A record label uses the following function to model the sales of a new release. a (t) = - 90t 2 + 8100t The number of albums sold is a function of time, t, in days. On which day were the most albums sold? What is the maximum number of albums sold on that day?

Most albums were sold on day 45th after the release.

The number of albums sold on that day is 182250.

Step-by-step explanation:

Hi there!

Let's write the function:

a (t) = - 90t² + 8100t

Where "a" is the number of albums sold and "t" is the time in days from the release.

To find the maximum of a function, we have to find the value of "t" at which the line tangent to the function is horizontal, that is, its slope is zero. Besides, the function must increase at the "t" values to the left of the maximum and decrease at the "t" values located to the right of the maximum. That means that the slopes of the lines tangent to the function at the left of the maximum must be positive, while the slopes of the tangent lines must be negative at the right of maximum (see figure for a better understanding)

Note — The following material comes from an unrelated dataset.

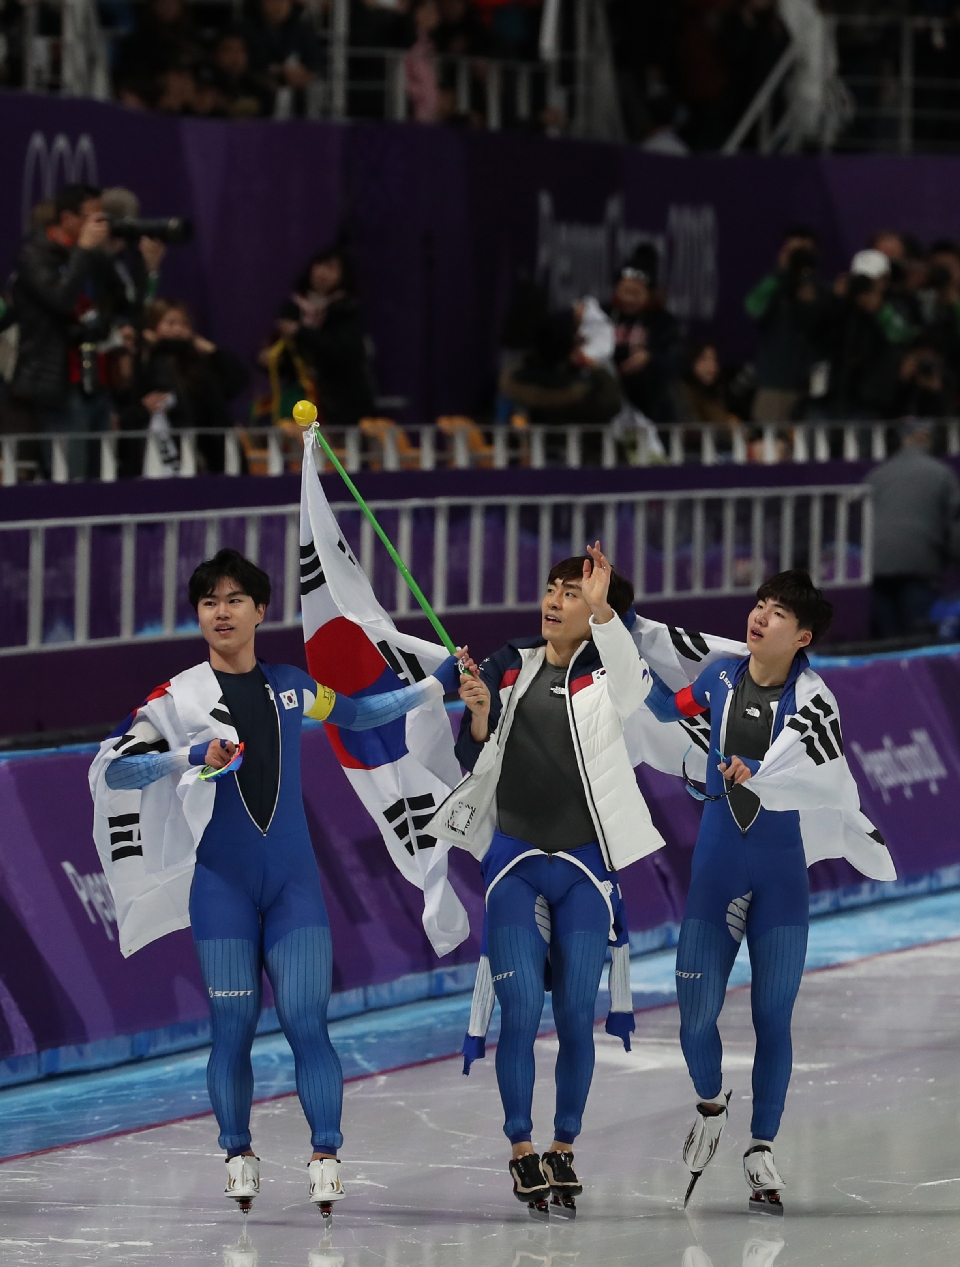 스피드스케이팅 남자 팀추월 결승 경기, 한국 선수 은메달
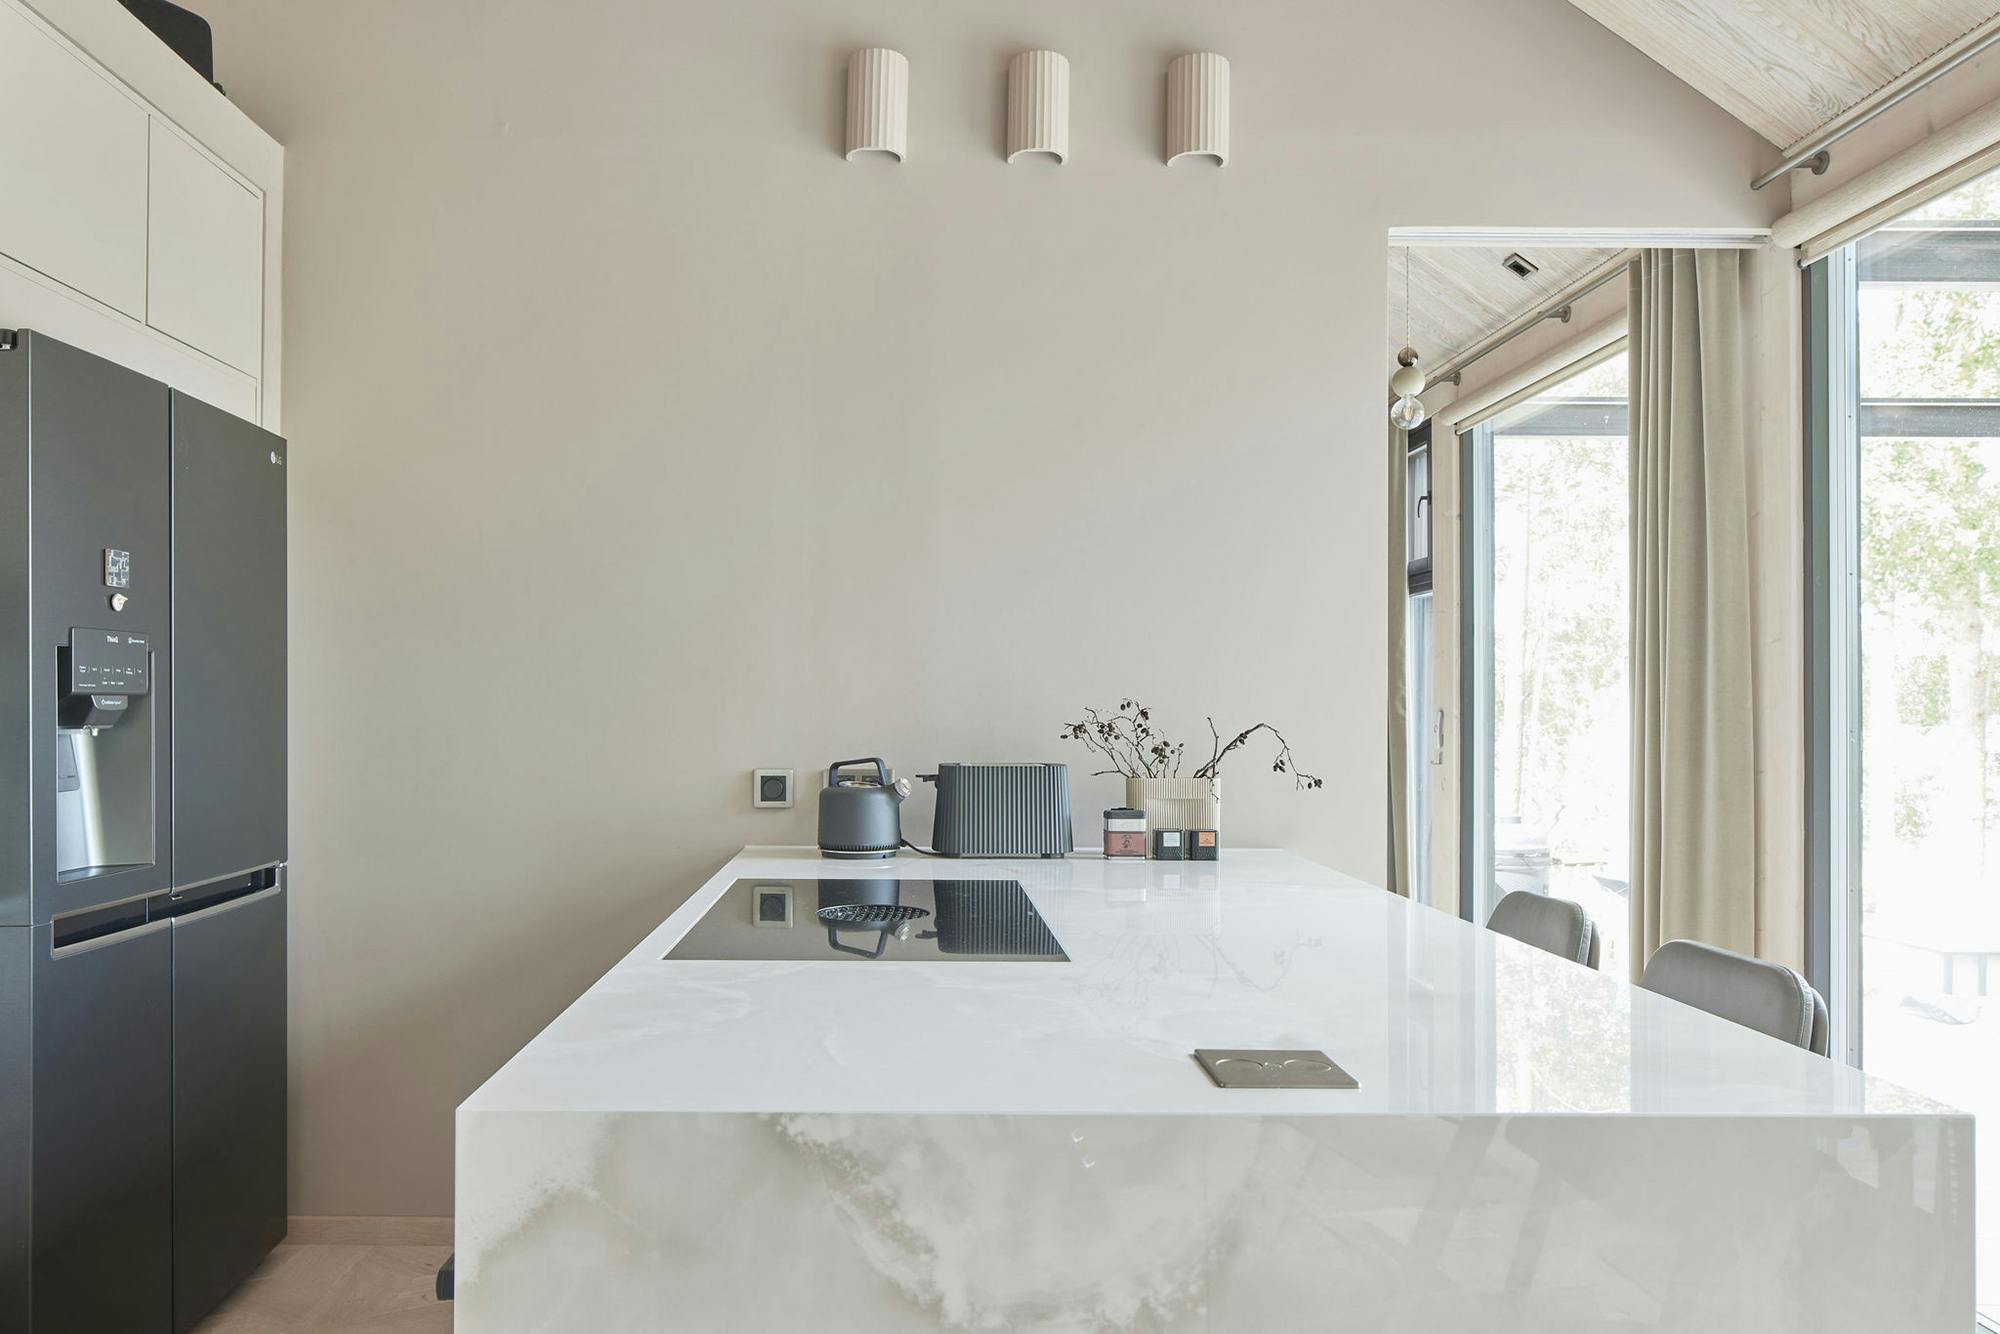 Numero immagine 36 della sezione corrente di Influencer Annamaria Väli-Klemelä chose sustainable countertops for her kitchen di Cosentino Italia

Then let's find the value of t for which the slope of the tangent line is zero. Be have to find the derivative of a (t), a' (t):

a (t) = - 90t² + 8100t

a' (t) = 2 · (-90t) + 8100

Now we have to find the value of "t" for which the derivative is zero:

0 = - 180t + 8100

-8100 = - 180t

-8100/-180 = t

t = 45

We have found that at t = 45 the slope of the tangent line is zero. This can be a maximum, a minimum or just a place where the function is horizontal (the function is a negative parabola, so we can be sure that this is a maximum but let's corroborate it).

Let's find the slope of tangents lines at t values to the left and right of t = 45. For example, let's take 44.9 and 45.1:

a' (t) = - 180t + 8100

a' (44.9) = - 180 (44.9) + 8100 = 18 (the slope is positive, the function increases to the left of t = 45).

a' (45.1) = - 180 (45.1) + 8100 = - 18 (the slope is negative, the function decreases to the right of t = 45)

Then there is a maximum at t = 45 days after the release.

To find the maximum number of albums sold on that day, we have to evaluate the function a (t) at t = 45.

a (t) = - 90t² + 8100t

a (45) = - 90· (45) ² + 8100· (45) = 182250

On that day, the number of albums sold is 182250.